Access provided by University of Notre Dame Hesburgh Library. Download conference paper PDF
Similar content being viewed by others
1 Introduction
Question answering (QA) is a task that seeks to automatically answer questions asked in natural language by humans, with a combination of Information Retrieval (IR) and Natural Language Processing (NLP) techniques. QA systems have been applied in multiple domains of knowledge, as they can facilitate access to information by reasoning and inferring it from a large volume of data stored as natural language [1].
There has been a growth in interest in the use of QA in the biomedical context, including efforts to create biomedical and clinical QA corpora [8, 12, 18, 23] and the realization of shared tasks such as BioASQ 8 [9]. The possibility of finding answers to questions in the growing volume of data available in the scientific literature and patients’ medical records evidence the potential of these systems for practical use. Therefore, QA systems can assist both the medical research community (e.g., researching disease treatments and symptoms) and healthcare professionals (e.g., clinical decision support).
Specifically in the clinical context, when we work with patient’s data, the QA research has few initiatives if compared to other domains, mainly in languages other than English [10, 12]. The lack of studies may be due to the required medical expertise and the ethical/legal restrictions, which limits the data access [7]. Another aspect that hinders the research of clinical QA is the complexity of the data that are stored in the patient’s Electronic Health Records (EHR). The longitudinal and unstructured nature of the clinical notes, high use of medical terminology, temporal relations between multiple clinical concepts (e.g., medications, diseases, symptoms), text misspellings, frequent redundancy, and implicit events make text comprehension much more complex for the machine, and make it difficult to apply baseline NLP tools [2].

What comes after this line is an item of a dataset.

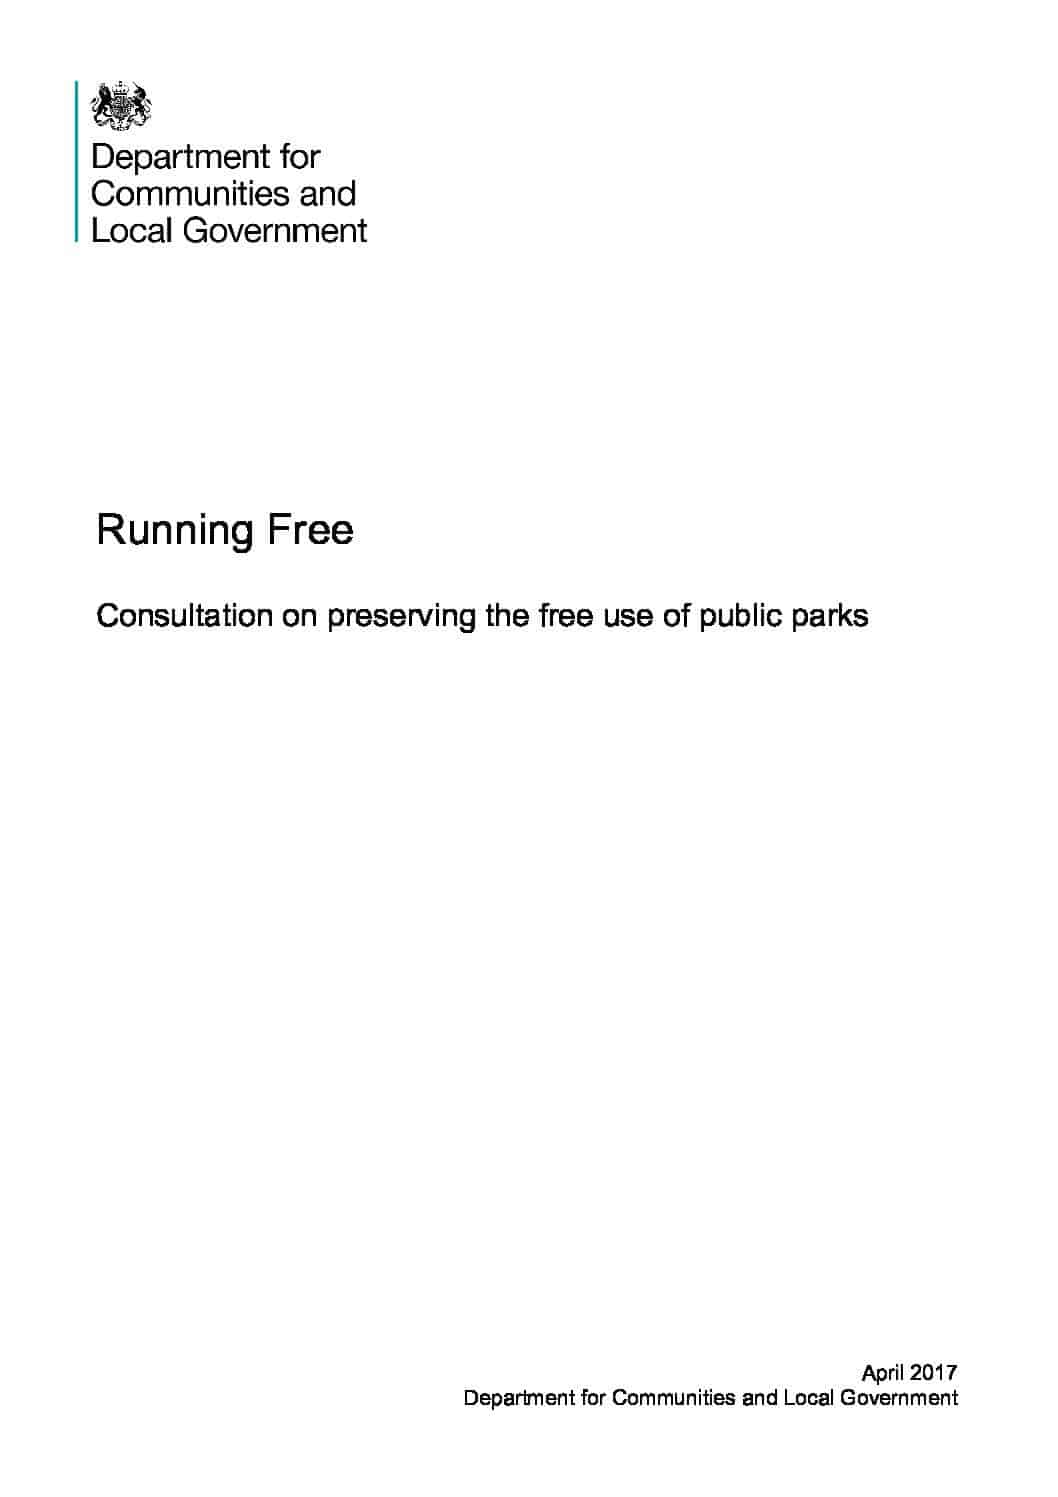 Running Free – a consultation on preserving the free use of public parks

Currently, health professionals manually browse or use a simple search algorithm to find answers about patients, and often they are unable to reach the information they need. A QA system can provide a much more intuitive interface for this task, allowing humans to “talk" to the EHR asking questions about patient’s status and health condition, generating a much more fluid and human interaction [12, 16, 18].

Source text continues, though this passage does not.